The Centers for Medicare & Medicaid Services (CMS) is announcing an 18-month pilot program to reduce medical record review for physicians practicing in certain advanced alternative payment models (advanced APMs).
This effort from CMS, which the agency’s Acting Administrator Andy Slavitt tweeted, “comes on the eve of MACRA”—referring to the Medicare Access and CHIP Reauthorization Act final rule—aims to reshape the physician experience by reviewing regulations and policies to minimize administrative tasks and seek other input to improve clinician satisfaction. The initiative will be led by senior physicians within CMS who will report to the Office of the Administrator.
The MACRA proposed rule calls for the streamlining of various quality reporting programs into a single framework. It does this by guiding providers down one of two paths—the Merit-Based Incentive Payment System (MIPS) or APMs. Most policy folks expect the overwhelming majority (90 percent or more) of eligible doctors to choose the MIPS path as the two-sided risk models as part of the advanced APM track are very aggressive for many.
NEW: On the eve of MACRA, we are launching a new permanent
initiative to reduce physician burden. https://t.co/EFgvRruohM
— Andy Slavitt (@ASlavitt) October 13, 2016
Slavitt is appointing Shantanu Agrawal, M.D., to lead the development of this function and implementation, which will cover documentation requirements and existing physician interactions with CMS, among other aspects of provider experiences. To ensure CMS is hearing from physicians on the ground, each of the 10 CMS regional offices will oversee local meetings to take input from physician practices within the next six months and regular meetings thereafter, officials said.
For background, CMS said it “has a statutory duty to protect the Medicare Trust Funds against inappropriate payments, and to take corrective action when they are identified. To accomplish this, CMS uses contractors to review claims and payments for accuracy. Most of these reviews involve only an automated analysis of claims data, but for some claims, the contractor may request records from the provider to compare the medical record to the claim and make a payment decision—this is known as medical review.”
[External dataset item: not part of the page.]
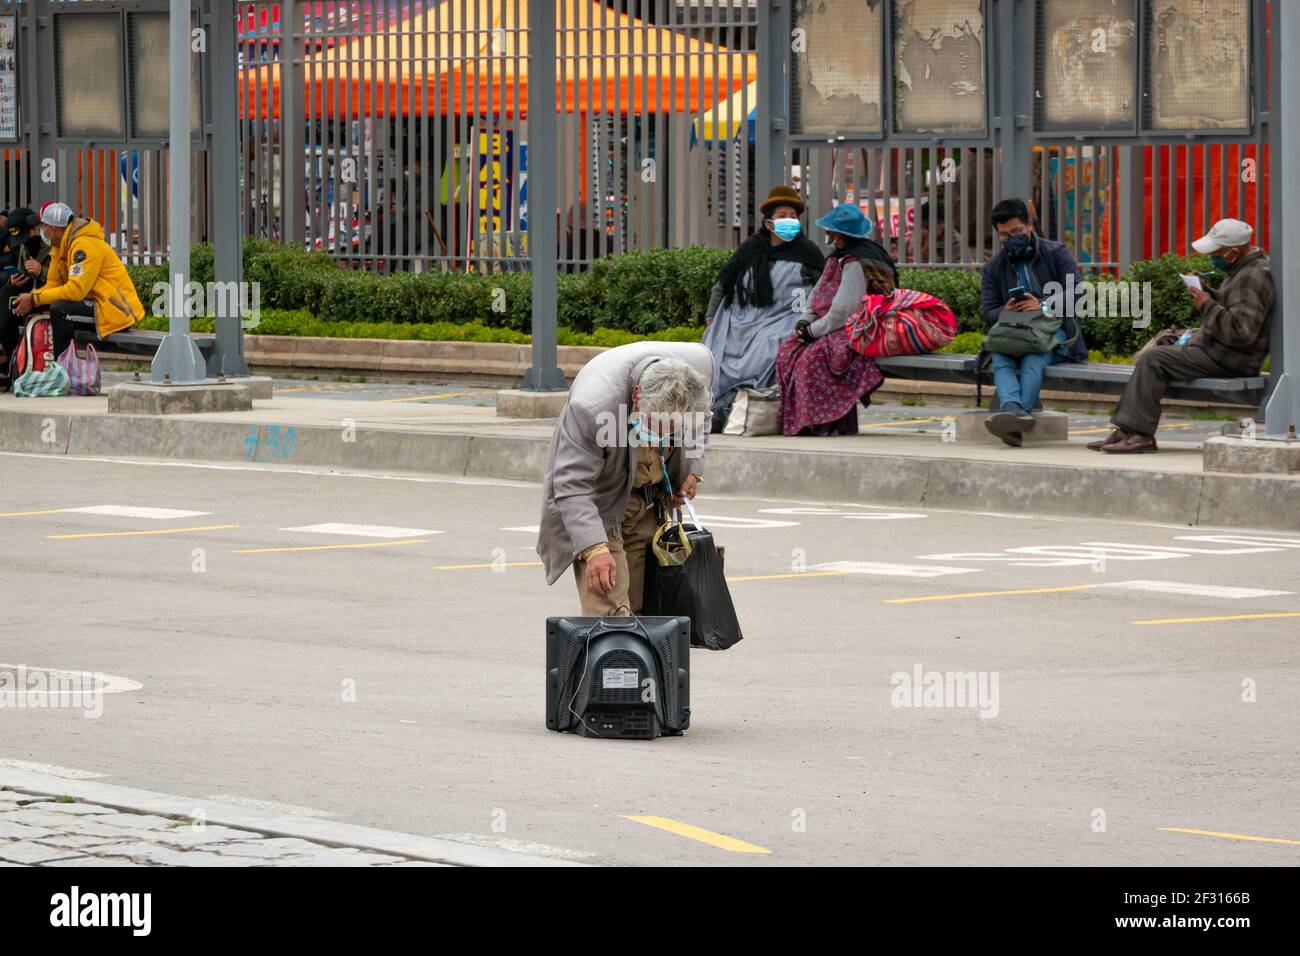 El Alto, la Paz, Bolivia - Febbraio 11 2021: L'uomo latino anziano che indossa una maschera dal Covid-19, sta portando un set televisivo antico e una borsa nell'Othe Foto Stock

As such, medical review requires physicians to submit medical record documentation to support the claims selected for review. CMS said that certain advanced APMs were identified as a first opportunity for this pilot because participating providers share financial risk with the Medicare program. “Two-sided risk models provide powerful motivation to deliver care in the most efficient manner possible, greatly reducing the risk of improper billing of services,” the agency stated.
The following Advanced APMs will be included in the pilot:
- Next Generation ACOs,
- Medicare Shared Savings Program Track 2 and 3 participants
- Pioneer ACOs
- Oncology Care Model 2-sided Track participants
The pilot will be comprised of two phases, beginning in early 2017. During the first phase of the program, CMS will direct Medicare administrative contractors (MACs), recovery audit contractors (RACs), and the supplemental medical review contractor to consider as a low-priority for post-payment medical record review claims from providers participating in advanced APMs for beneficiaries aligned to the model. In the second phase, providers in certain Advanced APMs will also be considered as a low-priority for prepayment medical record review by MACs.
“Physicians and their care teams are the most vital resource a patient has. As we implement the Quality Payment Program under MACRA, we cannot do it without making a sustained, long-term commitment to take a holistic view on the demands on the physician and clinician workforce,” said Slavitt. “The new initiative will launch a nationwide effort to work with the clinician community to improve Medicare regulations, policies, and interaction points to address issues and to help get physicians back to the most important thing they do—taking care of patients.”